» Try it:
Nothing but the pictures may be dropped; the rest of the listing is to be written out exactly.

» Dataset content:
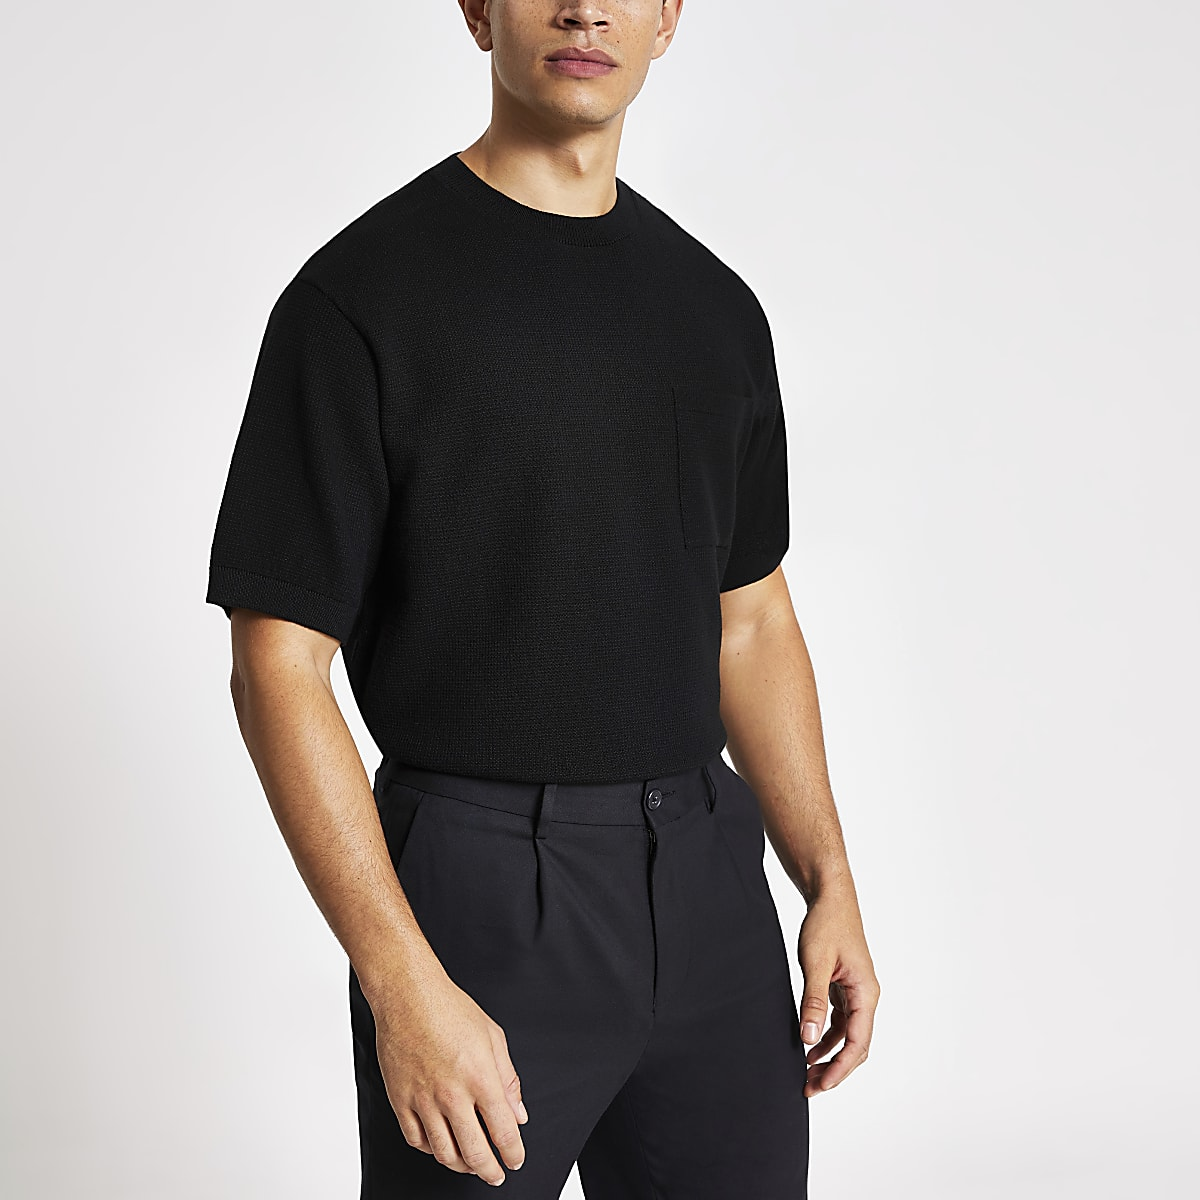 Black oversized short sleeve knitted T-shirt
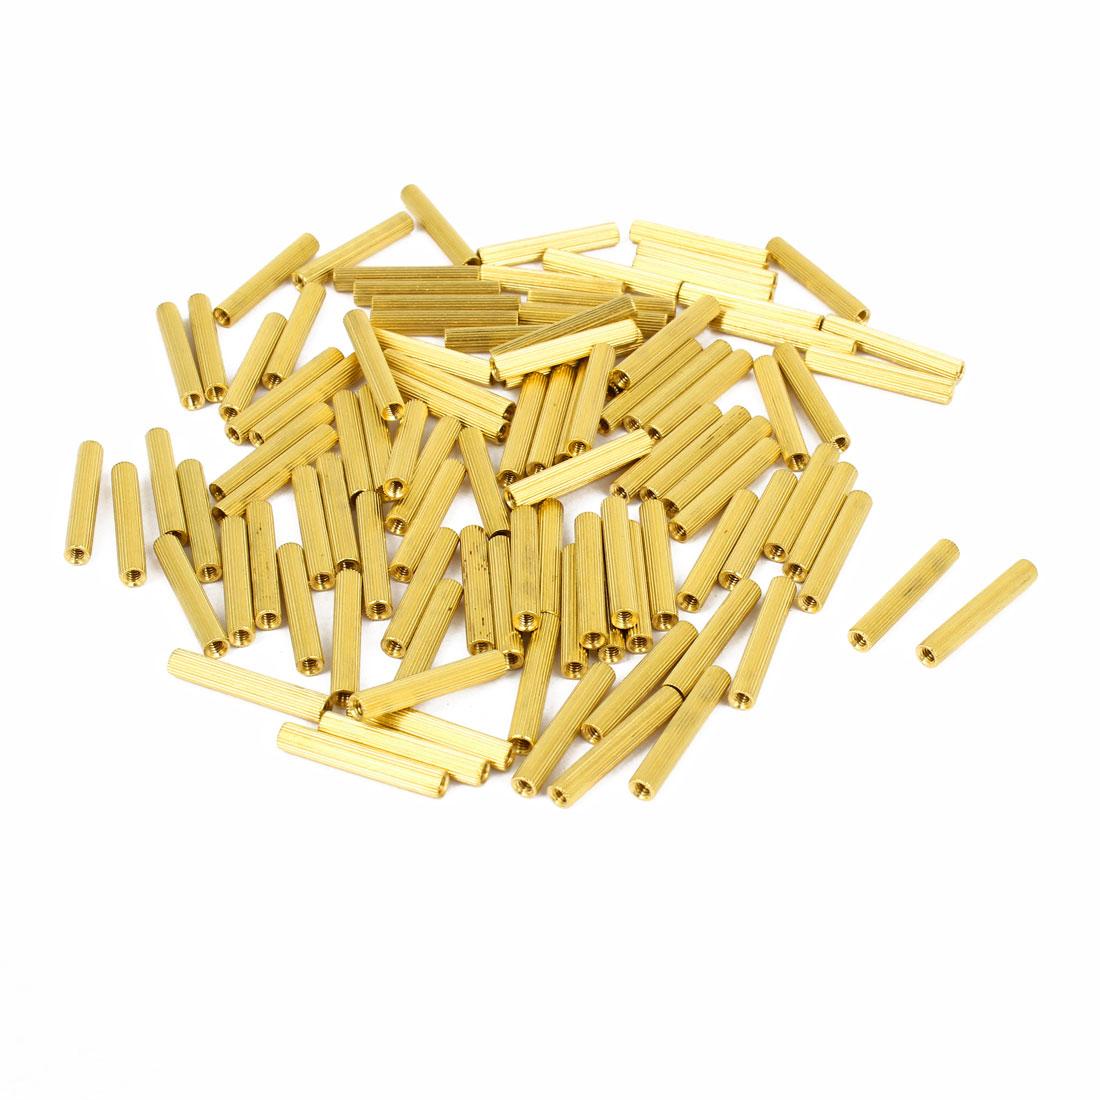 100pcs M2x19mm Hollow Pillar Column Ferrule Cylinder Brass Standoff Spacer
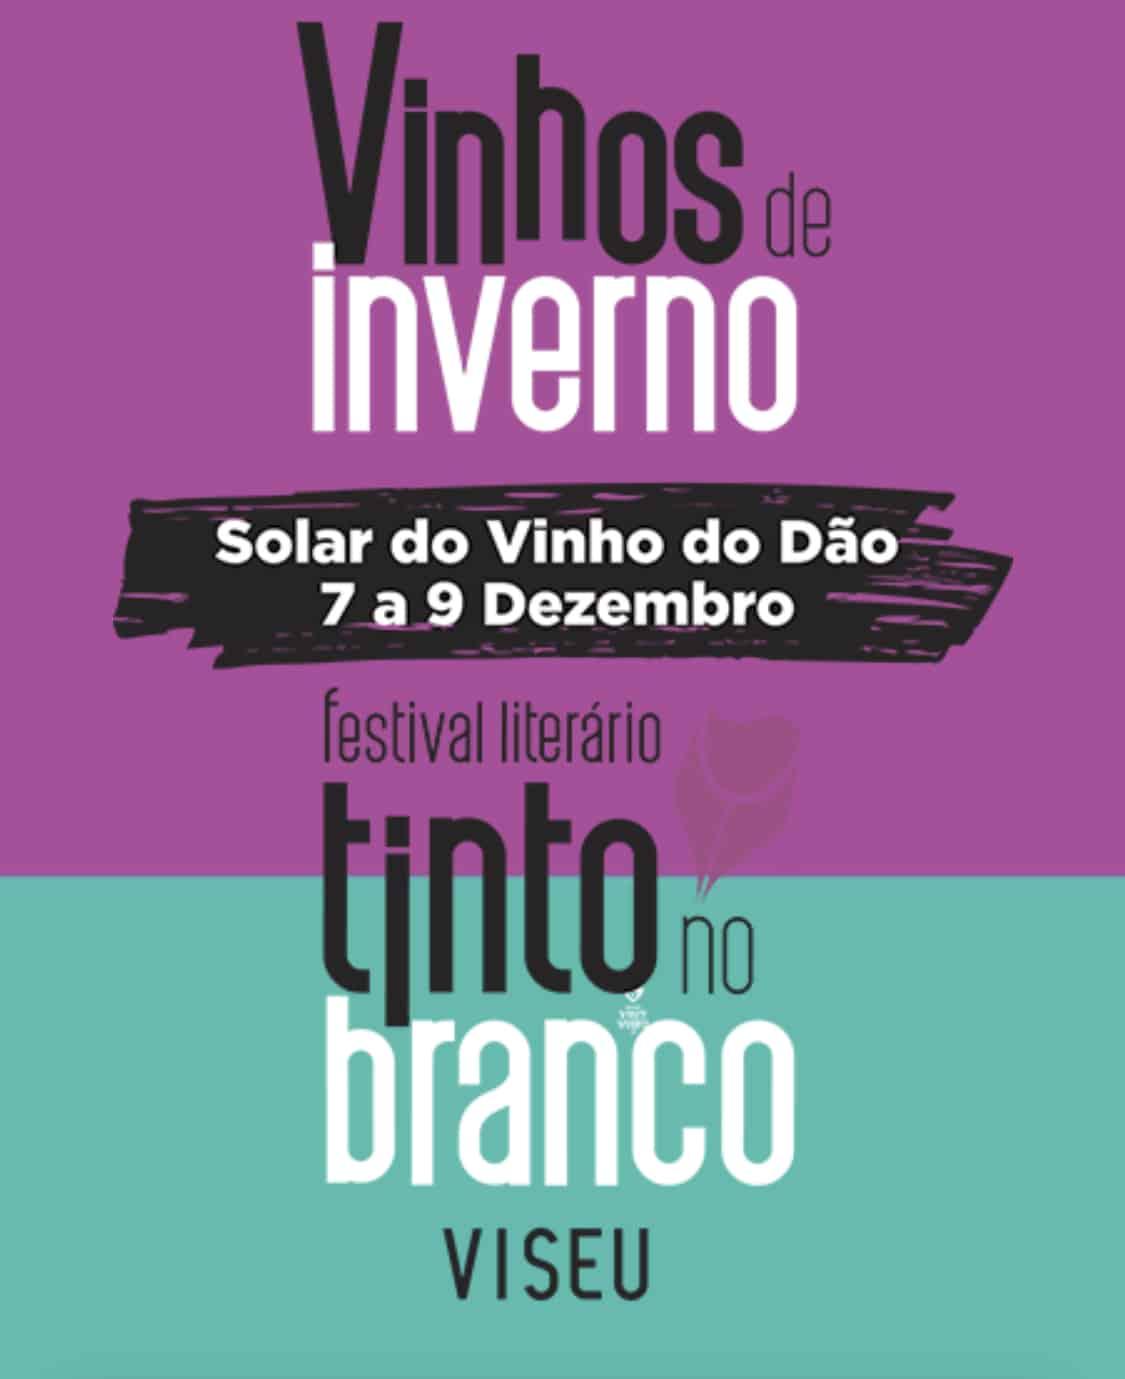 VINHOS DE INVERNO – FESTIVAL LITERÁRIO DE VISEU 2018

» Exercise output:
 Black oversized short sleeve knitted T-shirt
 100pcs M2x19mm Hollow Pillar Column Ferrule Cylinder Brass Standoff Spacer
 VINHOS DE INVERNO – FESTIVAL LITERÁRIO DE VISEU 2018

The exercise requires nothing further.